Tags: Barack Obama | | Newt Gingrich | budget | Congress | Republicans | compromise

Politico: Obama, Finally, Shows Willingness to Compromise

By    |   Monday, 15 Dec 2014 07:23 AM

President Barack Obama may be taking a leaf from former President Bill Clinton's relationship with Republican Newt Gingrich, who was House speaker in the 1990s, in deciding it's worth antagonizing his base on issues like the budget for the sake of keeping the government running, Todd Purdum writes in Politico.

In the interest of the greater good, likewise, then-President George W. Bush — facing a Democratic Congress — irritated conservatives by turning to then-House Speaker Nancy Pelosi to pass the Troubled Assets Relief Program, an initiative to purchase assets from financial institutions in the wake of the economic downturn in 2008.

Obama began his presidency "far too deferential to the congressional wing of his party," said an unidentified Capitol Hill observer.

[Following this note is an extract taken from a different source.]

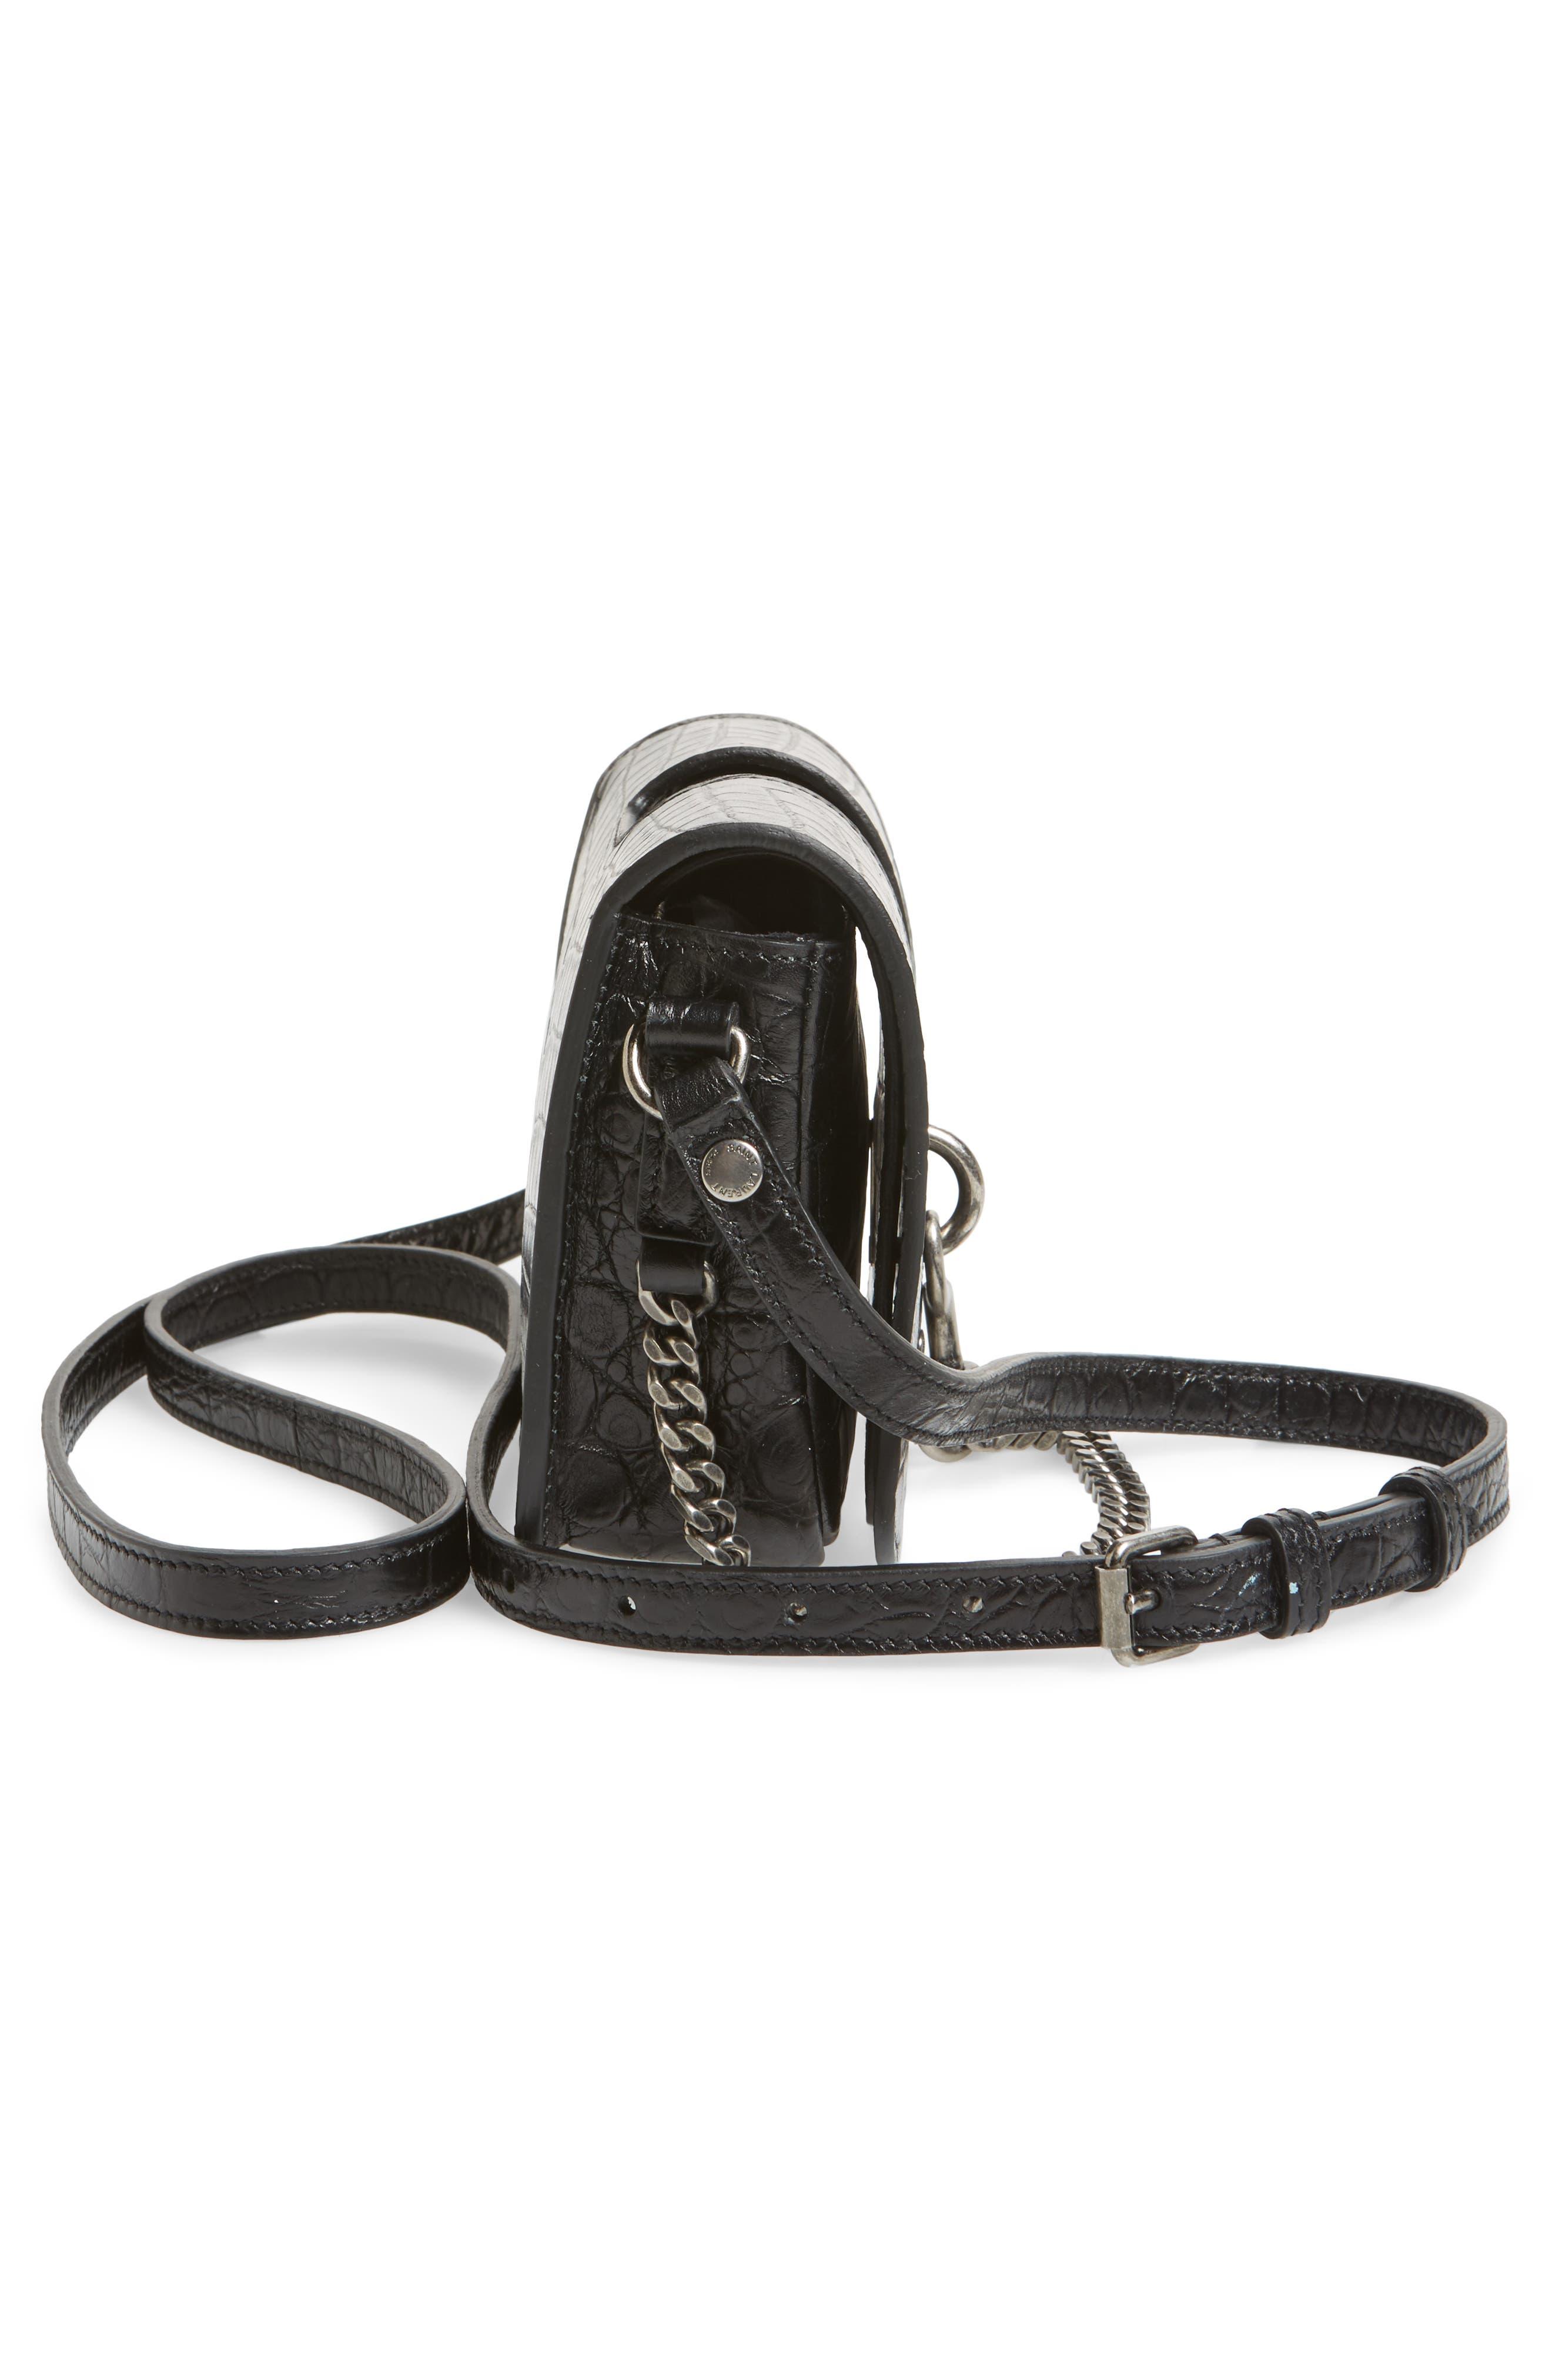 Croc Embossed Leather Crossbody Bag,                             Alternate thumbnail 5, color,                             Noir

Now the Obama White House has decided, Purdum writes, that the American public expects those two branches of the government to cooperate and that doing so is smart politics even at partisan expense.

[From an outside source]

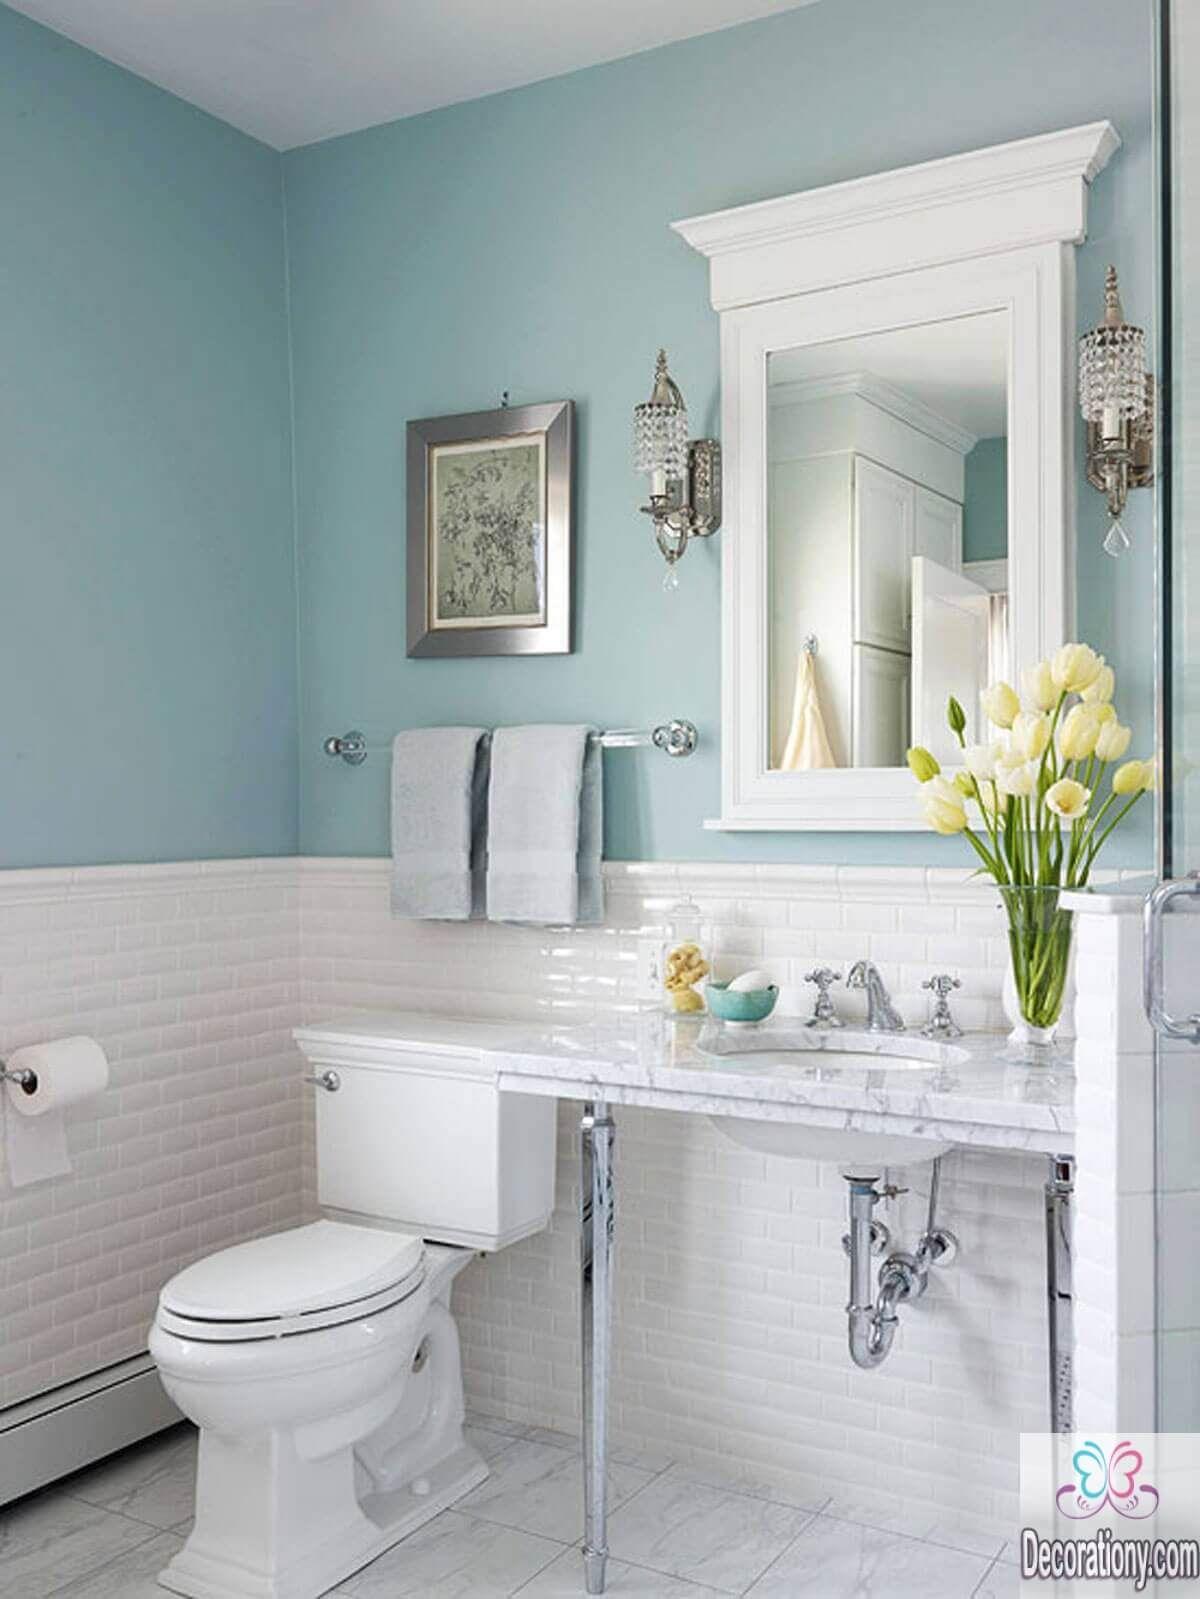 15+ Small White Beautiful Bathroom Remodel Ideas   Small bathroom ...

The budget bill passed with 57 Democrats backing it and 139 opposed. Minority Leader Pelosi pronounced herself "enormously disappointed" with the administration, Purdum writes.

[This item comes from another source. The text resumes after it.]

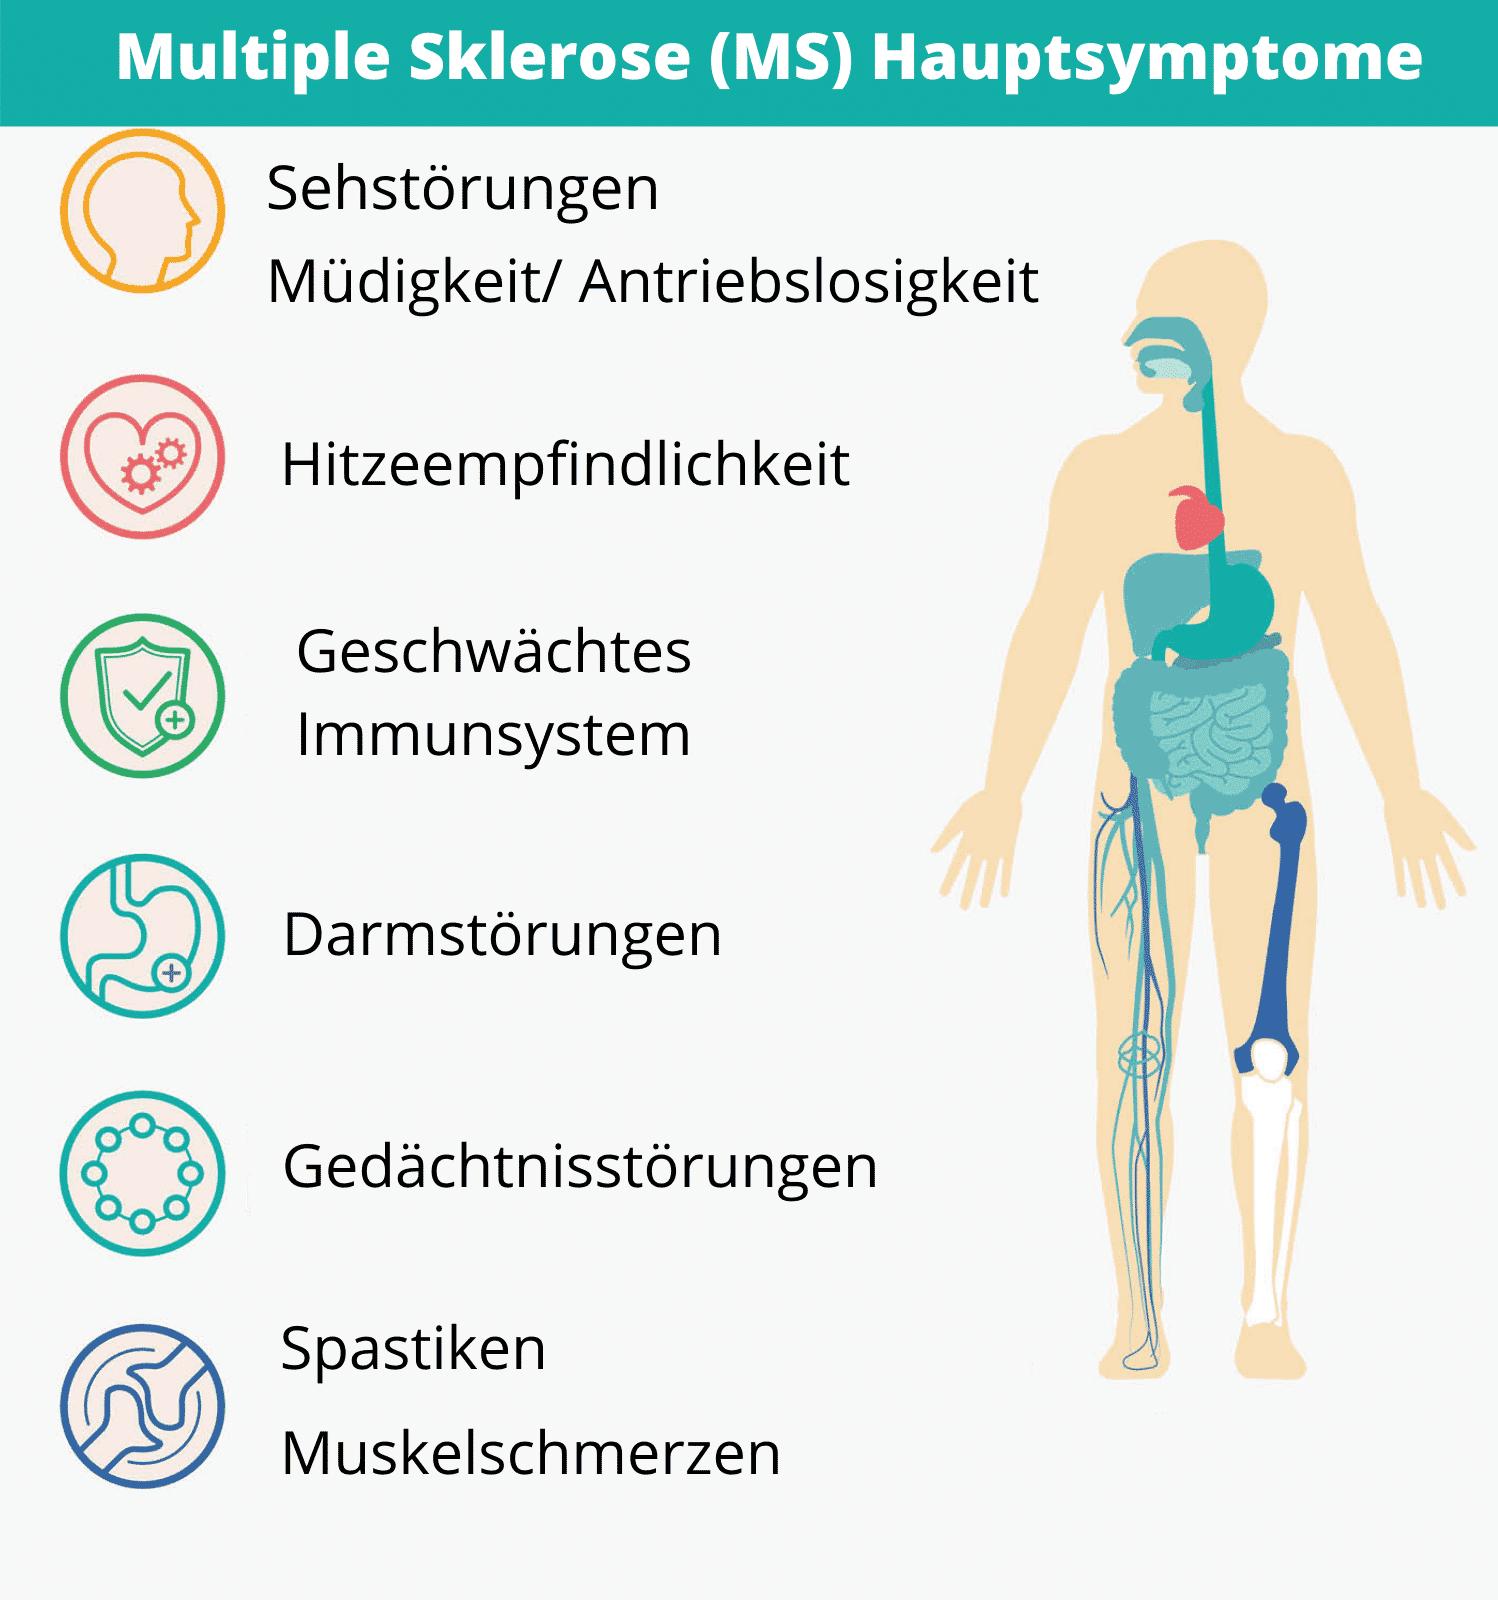 Multiple-Sklerose-MS-Hauptsyptome

Both Democratic presidents faced a Republican-controlled Congress; Bush was facing a Democratic-led Congress.

The parallels, however, are imperfect. Clinton was in his first term and trying to move the Democratic Party to the center. Obama, with two years left in his second term, is only belatedly trying compromise to avoid governmental paralysis.

Obama conceded some of his party's priorities — on supervision of the banking industry and on campaign donations — while coming away with continued funding of the Affordable Care Act and avoiding a reckoning over his recent executive orders on immigration.

The administration was partly motivated by an appreciation that failure to bend with the current divided Congress would leave it needing to cover the same ground with a more powerful, Republican-majority Congress next year, Purdum writes.

"Were he inclined to be a careful student of Clinton's successes," writes Purdum, Obama would recall that Clinton was seen as weak for compromising.

Yet "by the end of his tenure, no less a critic than Gingrich adjudged him 'the best tactical politician, certainly of my lifetime,' and today he is remembered, for better and worse, as the kind of president who could close the deal," Purdum concludes.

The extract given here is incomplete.